Aklım havsalam almıyor. İnanamıyor, inanmak istemiyorum. Bir askeri helikopter düşüyor ve 13 vatan evladı şehit oluyor. Aklımın almadığı husus, helikopterin yüksek gerilim hattına takılarak düşmesi. Bir akil insan çıkıp ta bunu bana değil uzman çavuşların, başçavuşların, üsteğmenin, yüzbaşıların, binbaşının, yarbayın, albayların, Aydoğan paşanın ailelerine anlatsın.
Ajanslardan öğrenebildiğimiz şu, “geçtiği vadinin her iki yamacında bulunan yüksek gerilim direklerine bağlı tellere takılan Couger tipi helikopter, ekseni etrafında dönerek yaklaşık 300 metre yükseklikten yere çakıldı. Alev alan helikopterde mühimmat infilak etti. Parçalanan helikopterde bulunan 13 personelin tamamı şehit düştü.”

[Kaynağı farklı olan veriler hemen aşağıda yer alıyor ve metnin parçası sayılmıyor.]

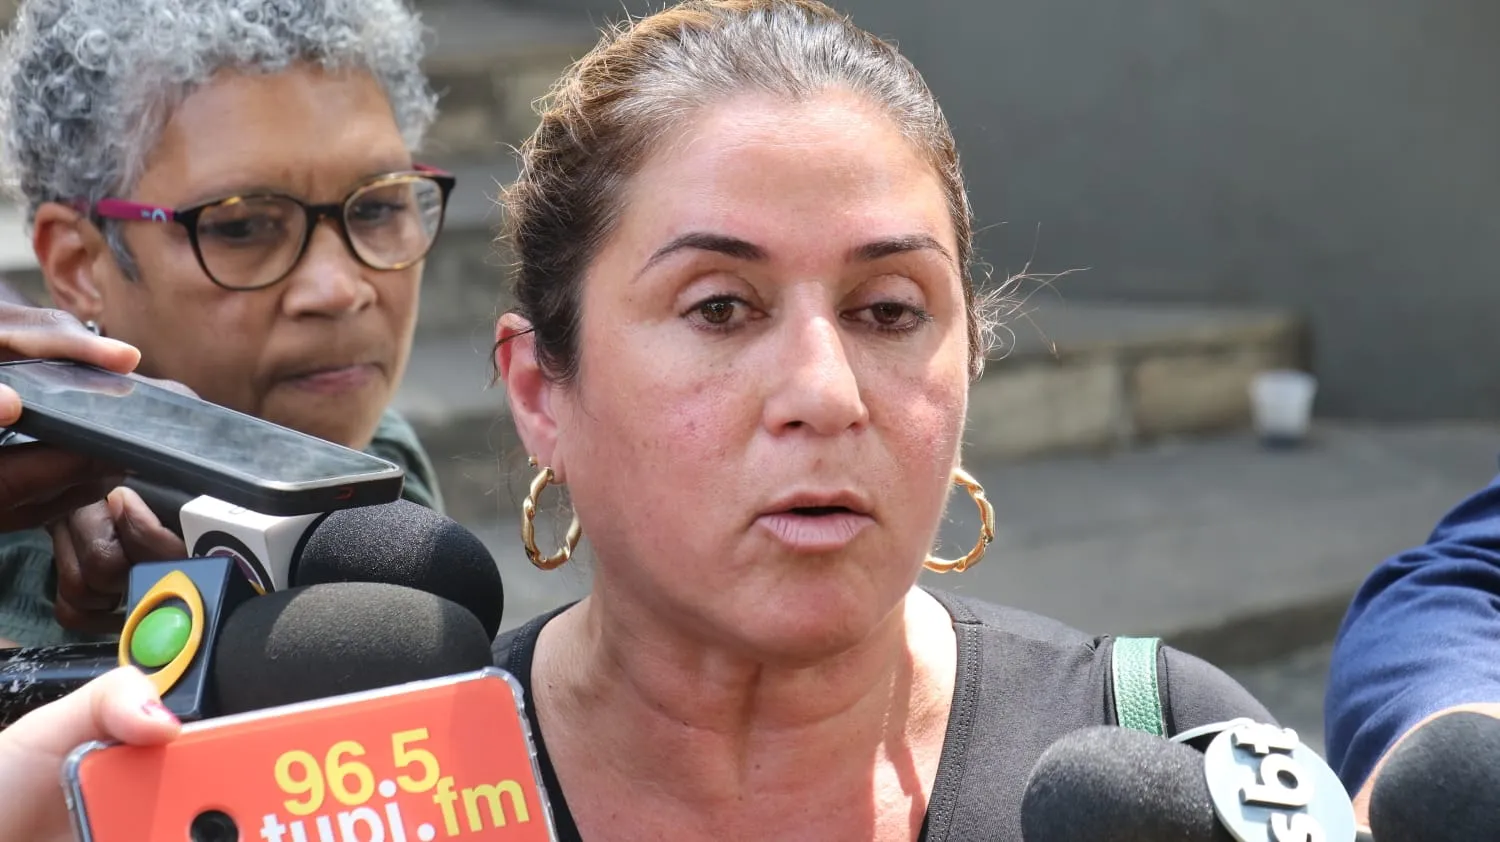 Adriana Galucio cita perseguição política contra ex-chefe da delegacia de homicídios

Askeri teknolojinin bugün ulaştığı nokta hakkında bir fikir edinebilmek için hemen birkaç dakika içinde yapacağımız bir araştırma bakın önümüze bu teknolojinin ulaştığı boyutlar hakkında neler sunuyor. Askerlerin 90 kiloya kadar yüklerini 16km hızla taşıyabilecek insan biçimli dış iskeletlerden tutun da silahtan çıktıktan sonra gittiği yön değiştirilebilen mermilere, böcekler üzerine takılan mikro casus ve patlayıcı sistemlerine, kendi başına manevra kabiliyetine sahip olağanüstü hızlı insansız araçlara, sesten 7 kat hızla hedefine ulaşan elektro manyetik silahlara kadar inanılmaz bir teknoloji var. Mesela ABD ordusu için geliştirilen süper bir zırh var. Bu zırh mermilere karşı ileri düzeyde bir koruma oluştururken olası bir yaralanma halinde de üzerinde bulunan sensörler aracılığıyla yaralanan bölgeyi tespit ederek buraya tedavi edici köpük sıkıyor.